Empresas y finanzas

Australia's Labor to scrape back into power

By James Grubel

CANBERRA (Reuters) - Australian Prime Minister Julia Gillard's Labor government will narrowly win Saturday's election, a Reuters Poll Trend showed on Wednesday, paving the way for a controversial mining tax and a possible carbon trading scheme.

Australia's small Greens party, on course to gain the balance of power in the Senate upper house, said it would seek to toughen the mining tax if Labor wins.

The proposed 30 percent tax on iron ore and coal, forecast to raise A$10.5 billion (6.1 billion pounds) over two years starting 2012, has been signed off by mining giants BHP Billiton, Rio Tinto and Xstrata, but is opposed by much of the rest of Australia's key mining sector.

The Greens' stance could force the government to negotiate some changes. The Greens want to raise an extra A$2 billion a year, but party leader Bob Brown said they would not block the tax if it did not secure its changes.

"All I can do is say we will negotiate strongly, inject better ideas into the mining tax proposals Labor has, and I think we will get a dividend," Brown told the National Press Club.

"Given that option, you don't have to be Einstein to know that the Greens will be going with the Labor Party alternative."

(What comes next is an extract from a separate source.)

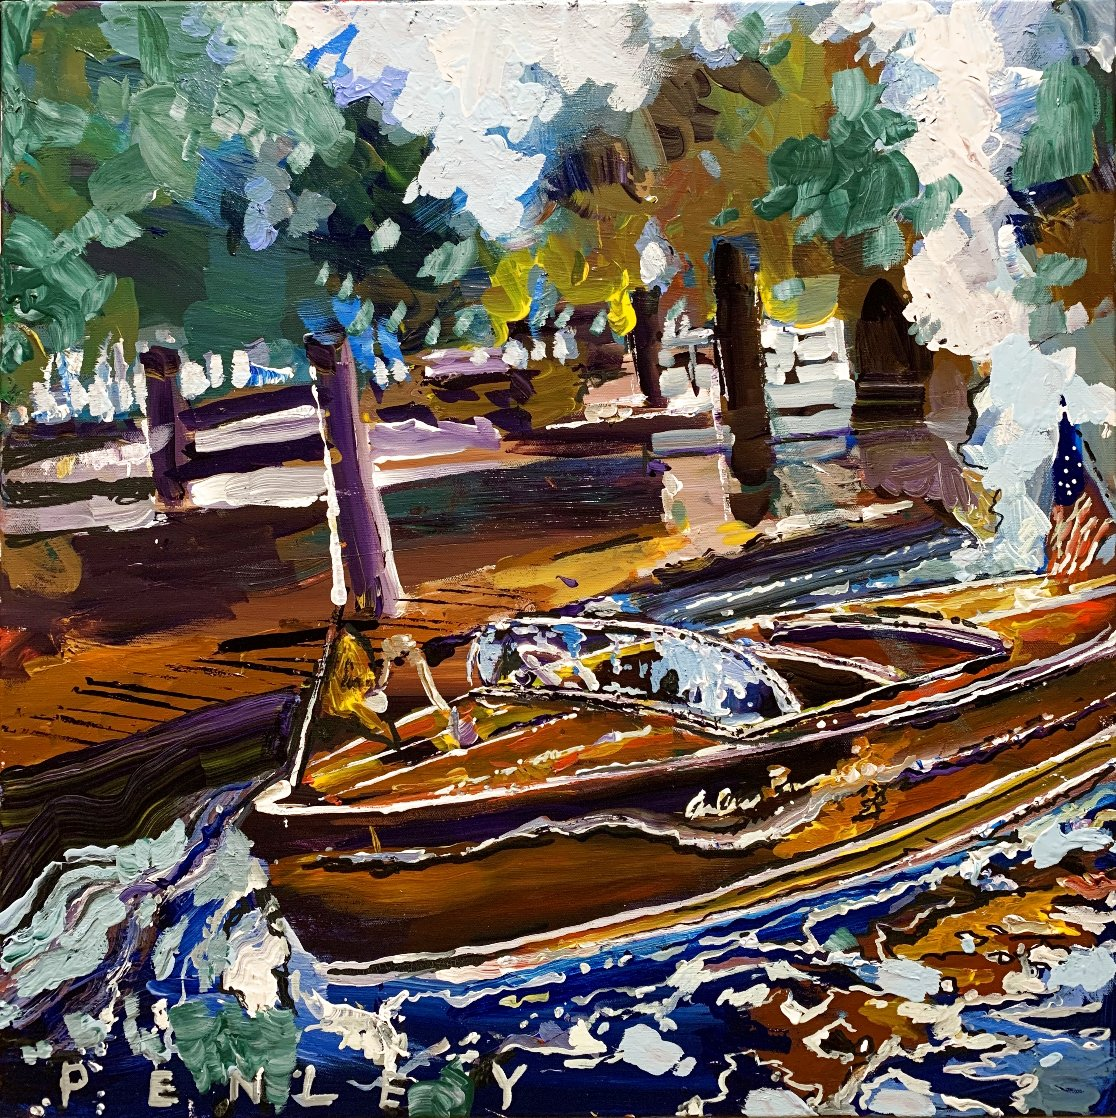 Vintage Boats 2020 24x24 Original Painting by Steve Penley
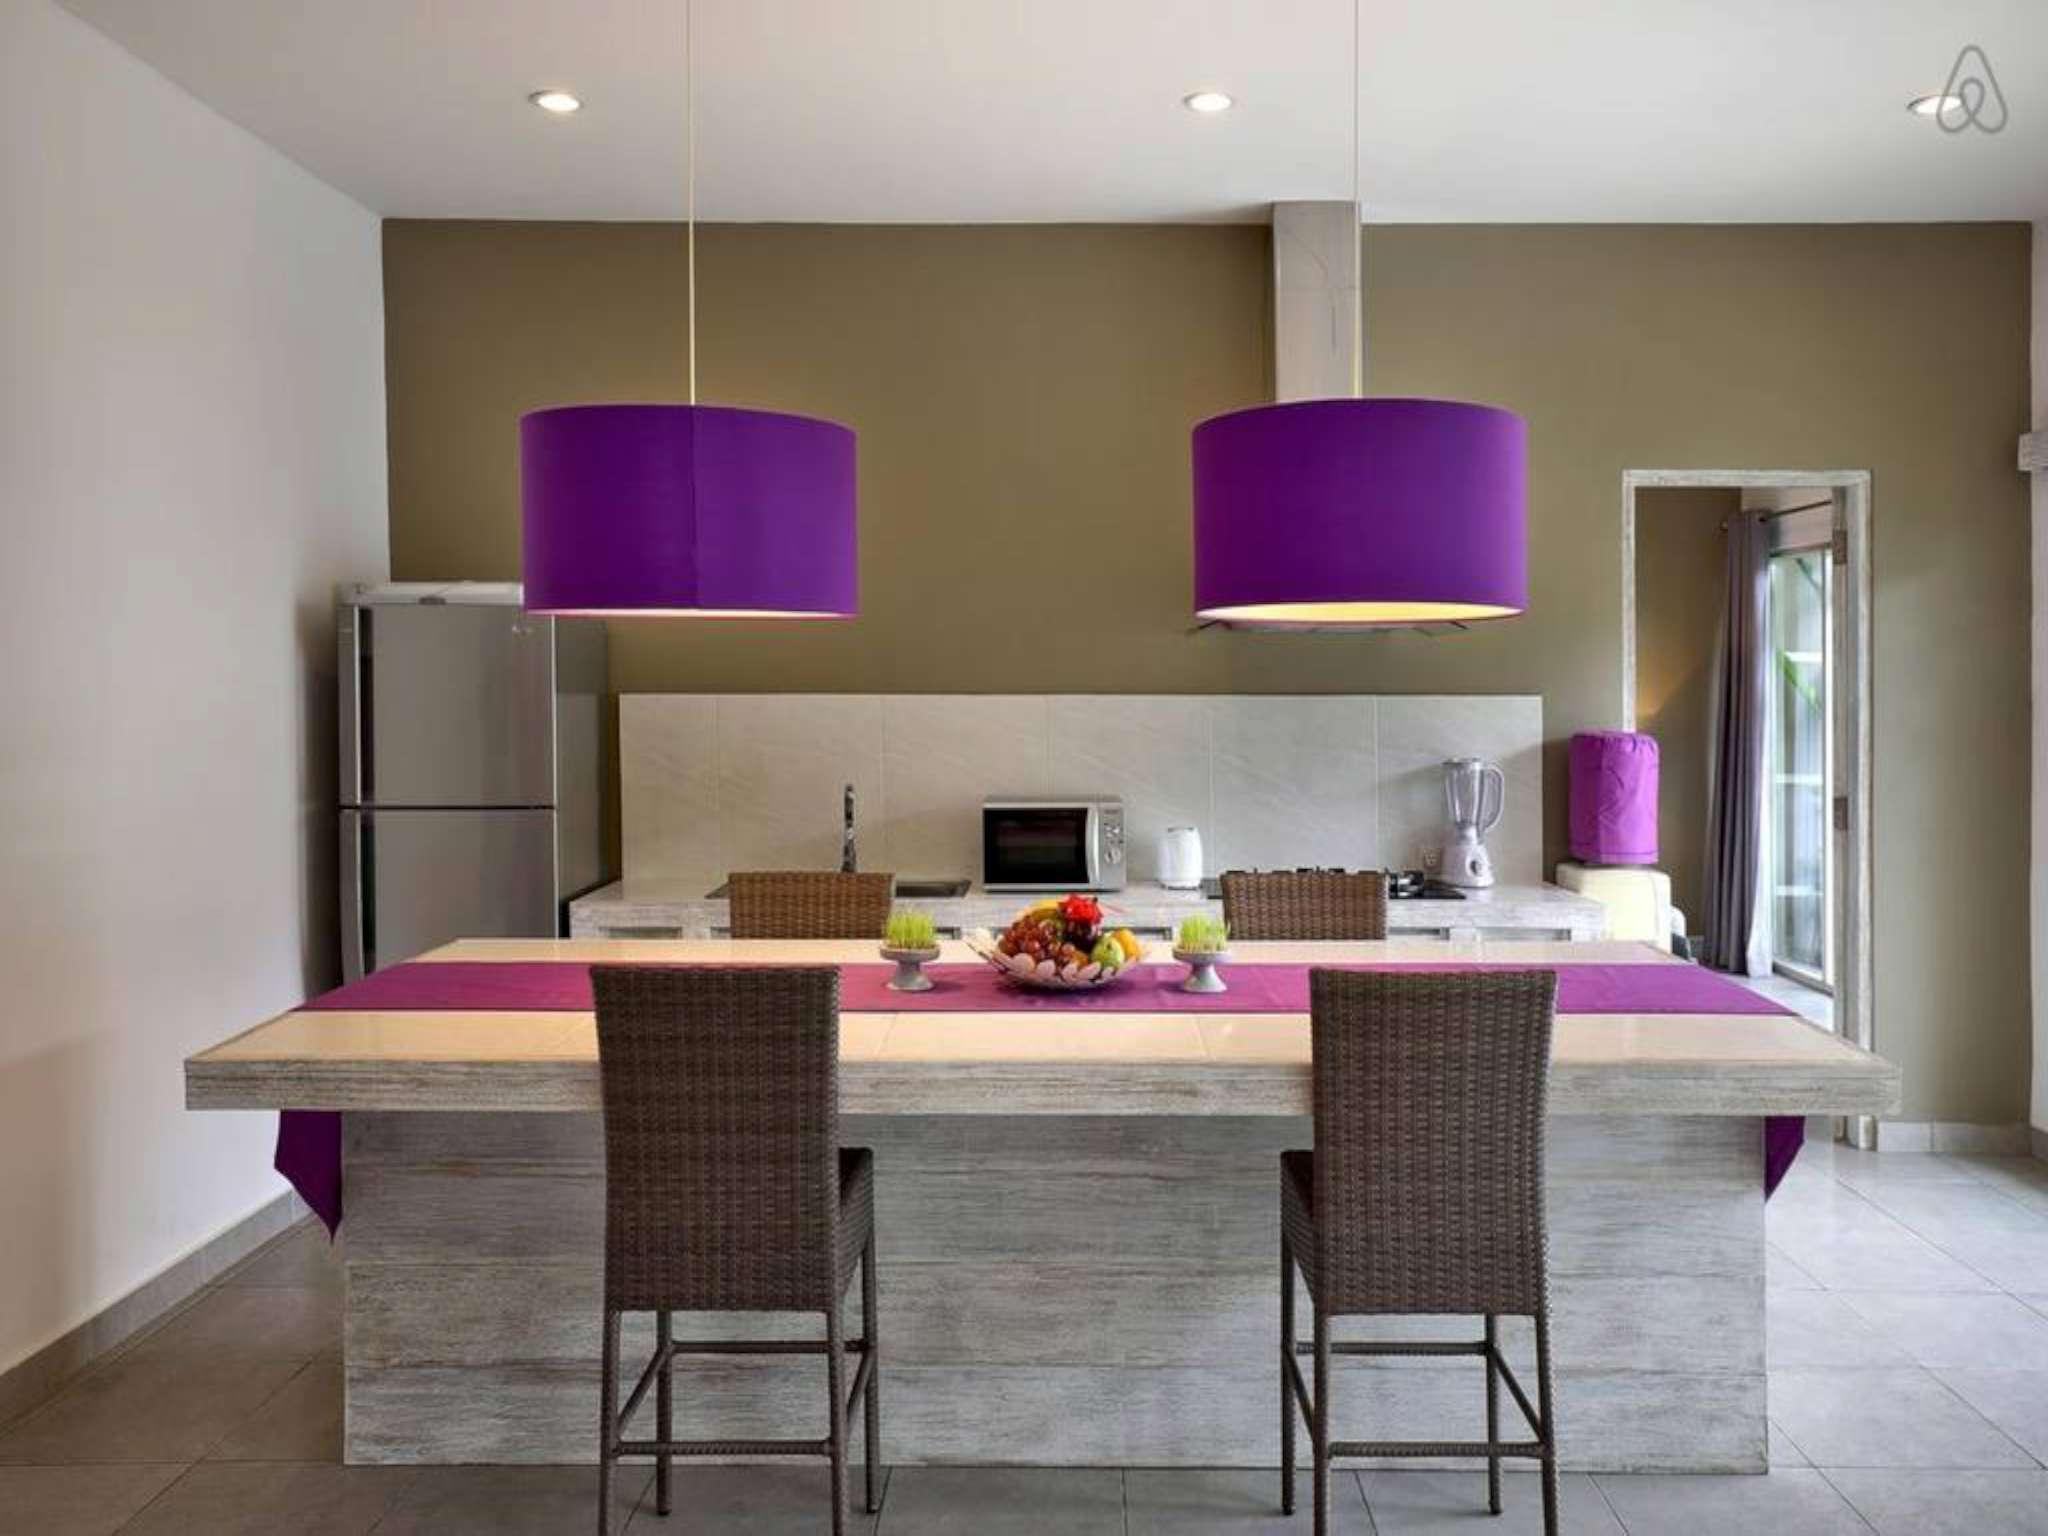 2 Bedrom Villa In Legian

A Labor victory would also see a possible carbon trading scheme to combat climate change from 2012 and ensure construction of a $38 billion fibre-optic national broadband network.

The Liberal-National opposition opposes all three policies.

CLOSE ELECTION

With two days of campaigning left and economic management a key issue, the opposition on Wednesday promised a budget surplus of A$6.2 billion by 2012-13, almost double the government's forecast surplus of A$3.5 billion.

Australians are historically wary of government borrowing due to high levels of personal debt and home ownership, so the opposition also promised to cut the country's A$90 billion ($81.5 billion) debt by a third within four years.

"The coalition has the courage and commitment to draw a line in the sand and stop Labor's reckless spending and waste," opposition treasury spokesman Joe Hockey said.

The latest Reuters Poll Trend shows Labor has a 3 point lead, which could see Gillard win a four-seat majority in the 150-seat parliament. Labor had a 16-seat majority at the last election.

"I think this will be the closest election since 1961, which was a cliff-hanger. I do think this will go down to the wire," Chris Bowen, Labor's campaign spokesman, said on Wednesday.

However, the possibility remains that the August 21 election may result in a hung parliament, where neither Labor nor the opposition wins enough seats to form government.

In that case the support of three independents will decide which party forms the next government.

Australia could face a fiscal crisis if voters deliver a hung parliament with two key independent politicians saying they cannot guarantee support for the next government's budget plans.

Without a clear winner, the next Australian government may have to rely on three independents to form a government, but in interviews with Reuters only one MP made a pre-election commitment to support government money bills.

A minority government represents the worst outcome for financial markets, with one analyst tipping a 2-5 percent fall in the Australian dollar in that case.

"If there is a hung parliament...it means there is a heck of a lot of uncertainty," said Guy Bruten, Australia & NZ strategist for AllianceBernstein. "That...won't help the Aussie dollar."

The Reuters Poll Trend found Gillard could lose up to 11 seats with voters angry over the mining tax, a failure by Labor to implement a carbon trading scheme and a perception of weak border protection with the arrival of illegal immigrants.

However, voters are also dissatisfied with conservative leader Tony Abbott, with Gillard commanding a 13 point lead as preferred prime minister. Many Australians do not want to vote for Labor, but shun the pugnacious Abbott as leader.

Online bookmakers said odds on a Gillard win, as well as the possibility of a hung parliament, had shortened.